We are heading towards ”a slower and more disorderly climate transition” as short-term crises take precedence
The challenges posed by a confluence of near-term challenges - including the current energy crisis - are making it less likely the world will achieve its climate transition goals as set out under the Paris Agreement.
This is according to John Scott, head of sustainability at Zurich, and one of the authors of the World Economic Forum’s Global Risks Report 2023.
Speaking at a press briefing in London, he warned it was becoming too late for climate mitigation and that corporates and governments should be moving their attention to adaptation and resilience.

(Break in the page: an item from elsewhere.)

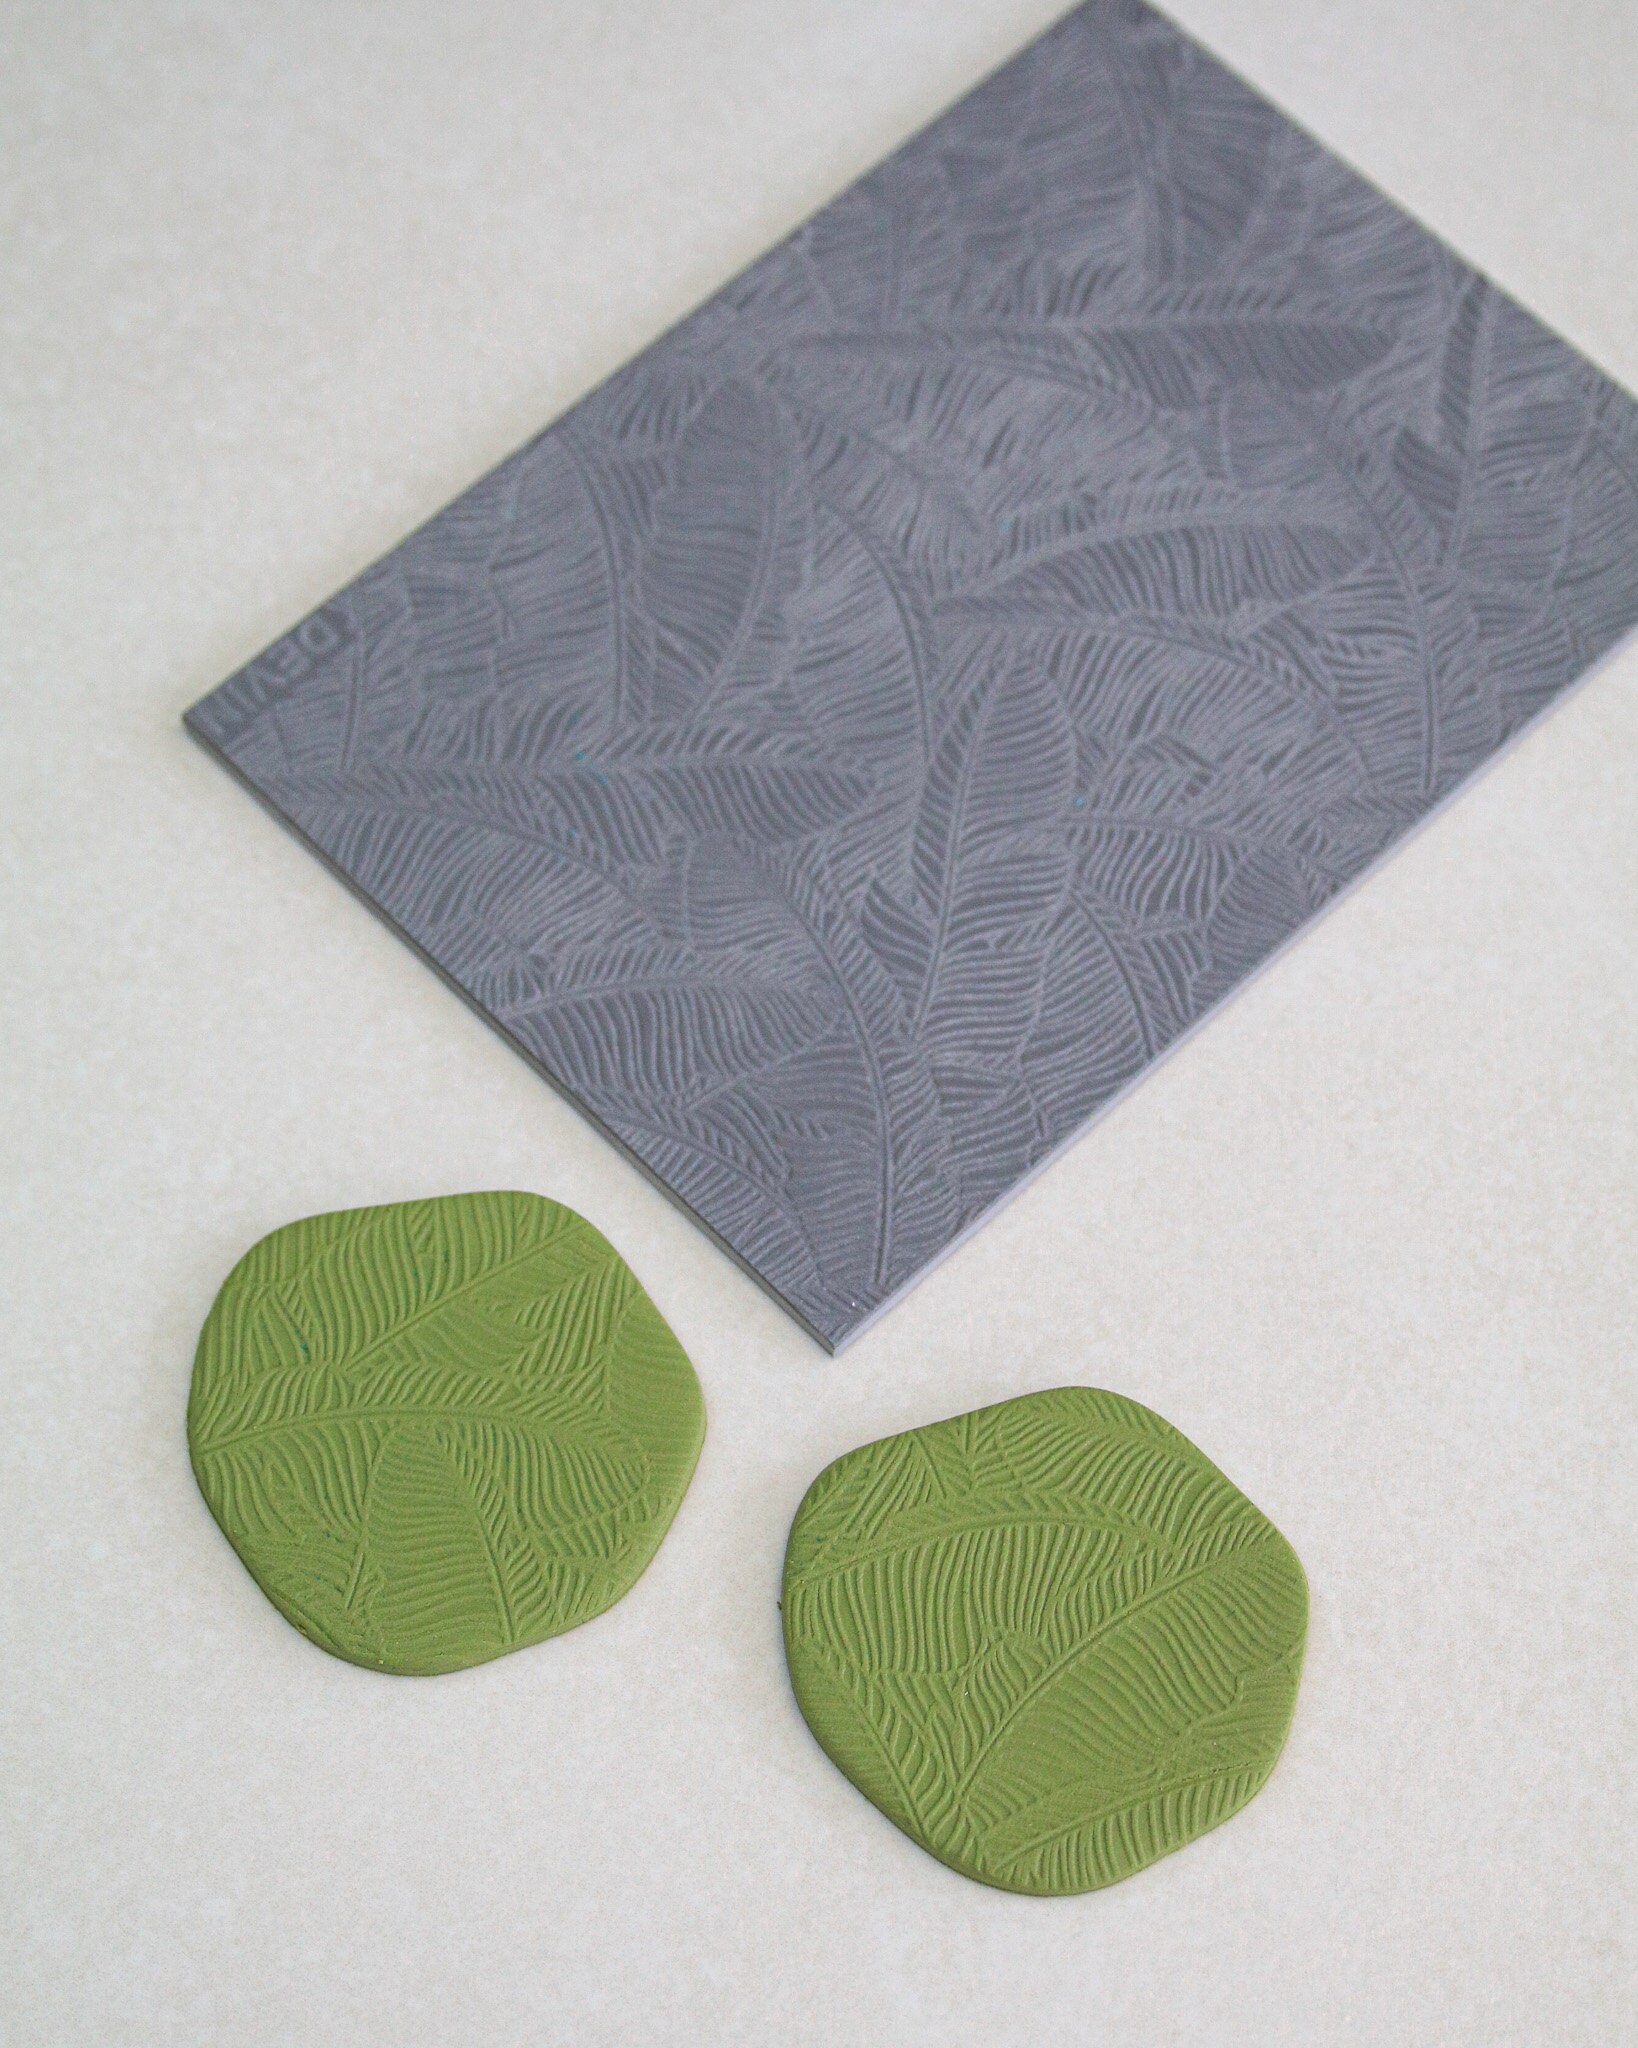 Polymer Clay Texture Sheet, Texture Mat For Polymer Clay

“Failure of climate change mitigation is one of the most highly rated risks in the report,” said Scott. “And yet it is one of the risks we are least prepared for. Over 70% of respondents to the Global Risks Report ranked current efforts to mitigate climate change as ineffective.”

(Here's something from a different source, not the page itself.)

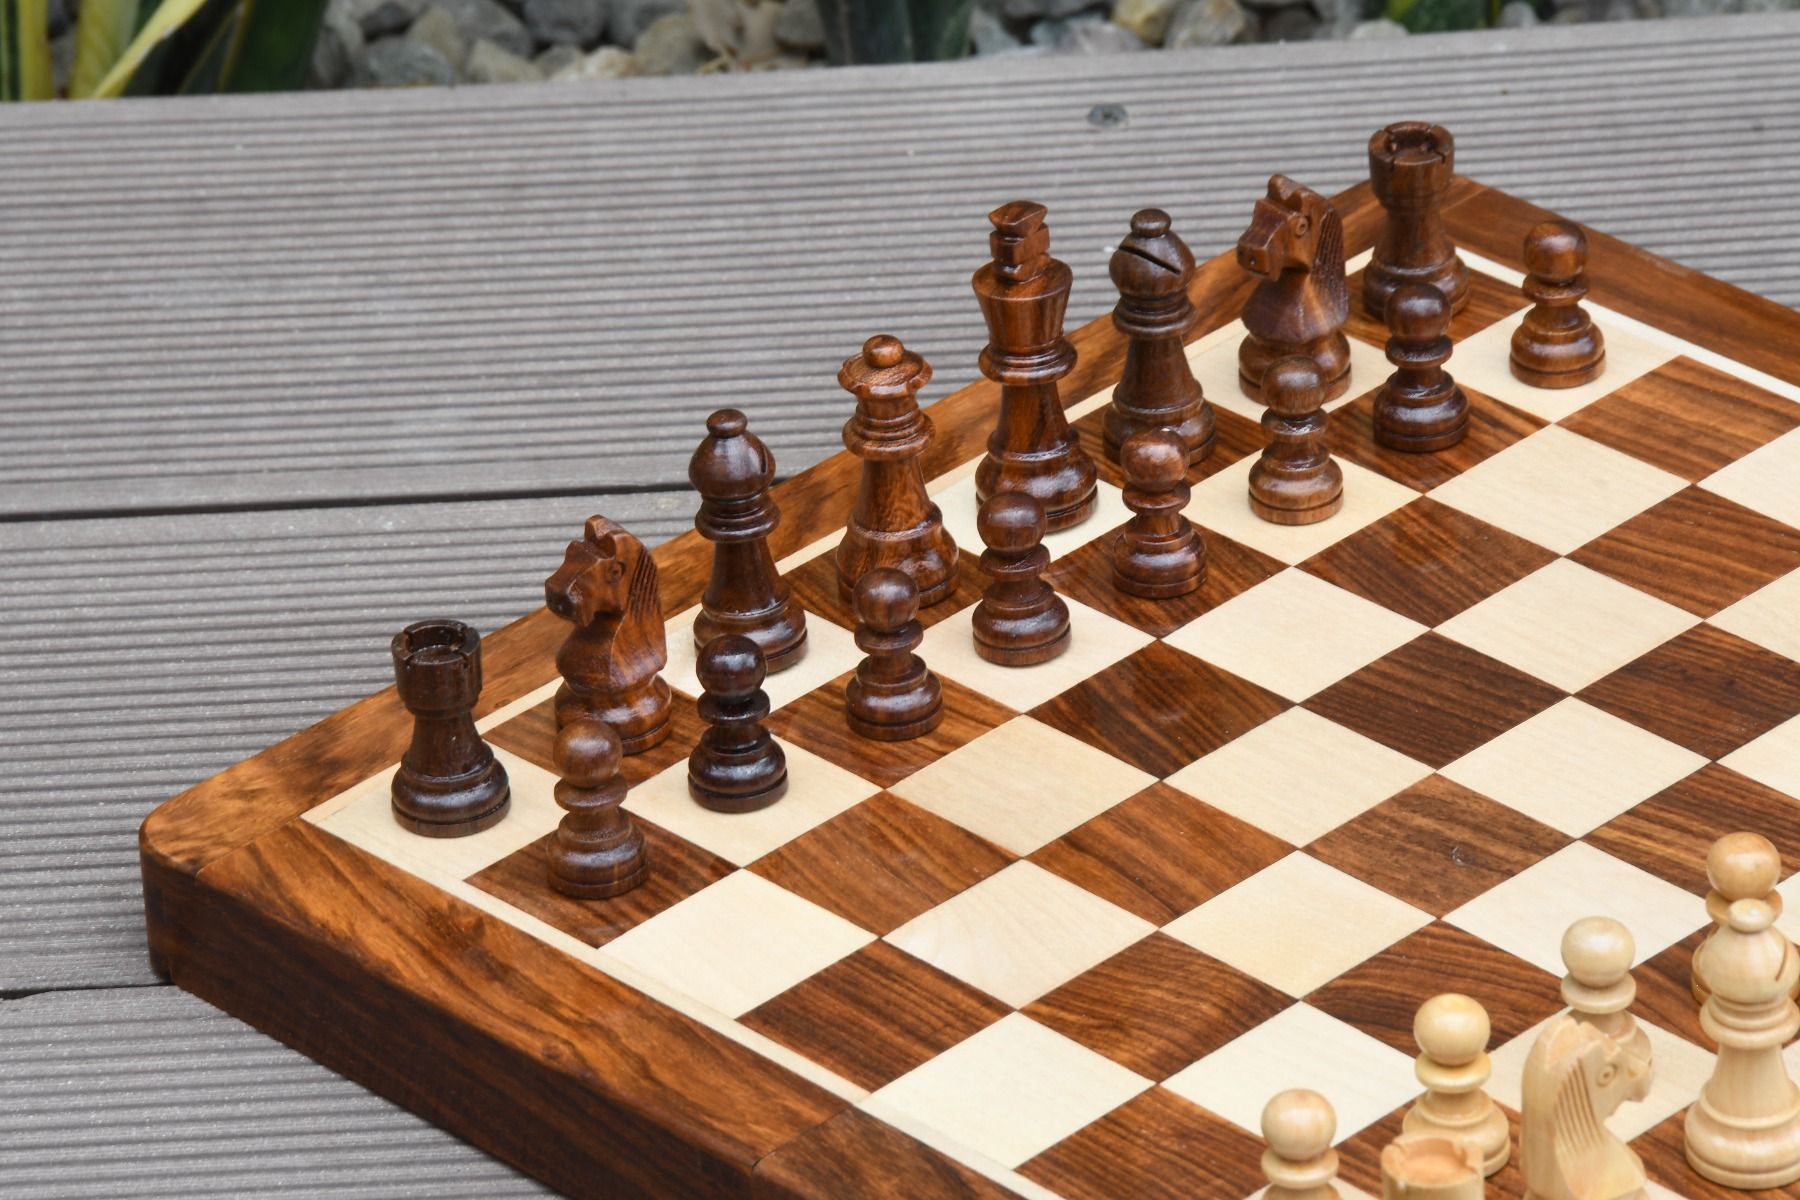 12" portable size chess pieces in Sheesham

“This is unlikely to change in the near future. Why? Because what is scientifically necessary and what is politically expedient don’t match.”

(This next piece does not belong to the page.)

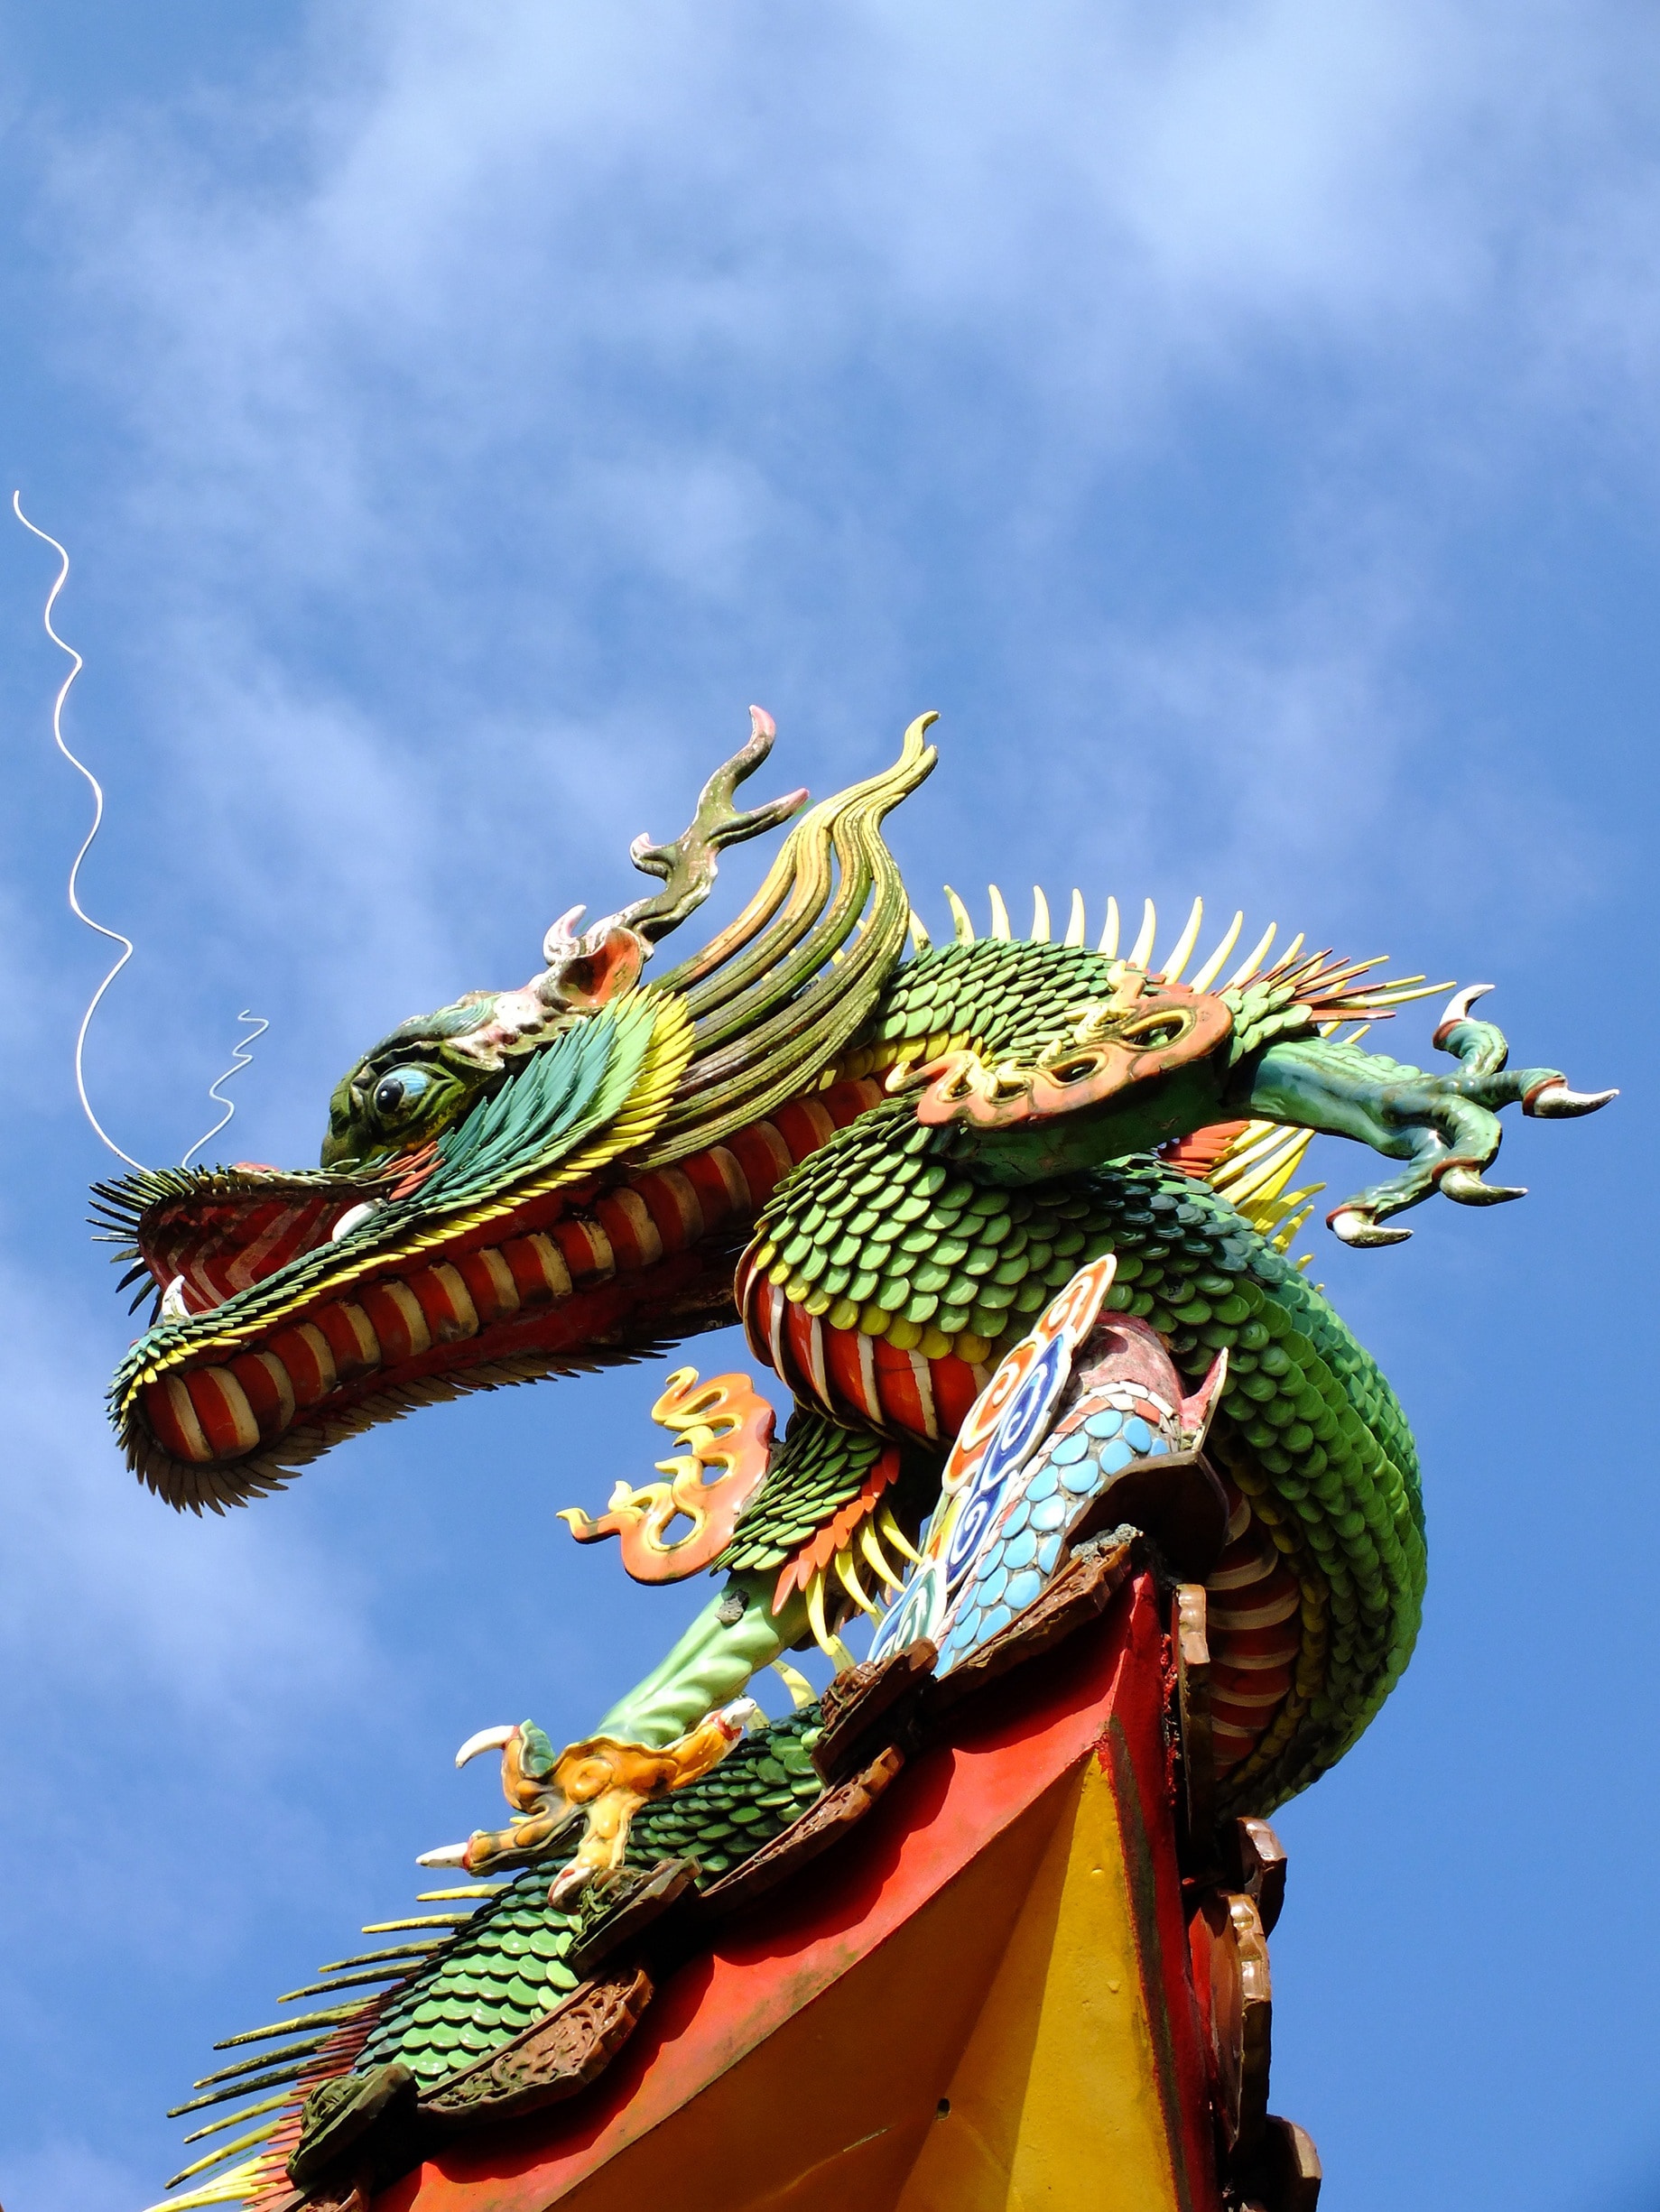 green orange and red dragon sculpture

Pessimism and short termism
At present, the global pandemic and war in Europe have brought energy, inflation, food and security crises back to the fore, according to this year’s Global Risks Report.
These create follow-on risks that will dominate the next two years: the risk of recession; growing debt distress; a continued cost of living crisis; polarised societies enabled by disinformation and misinformation; a hiatus on rapid climate action; and zero-sum geo-economic warfare.
Saadia Zahidi, managing director, World Economic Forum, noted there is a high level of pessimism amongst global leaders. “Today, they are facing multiple crises happening at the same time - ‘poly-crises’,” she said.
“Over 80% of leaders are expecting to see constant crises competing with each other and an increasingly volatile trajectory.”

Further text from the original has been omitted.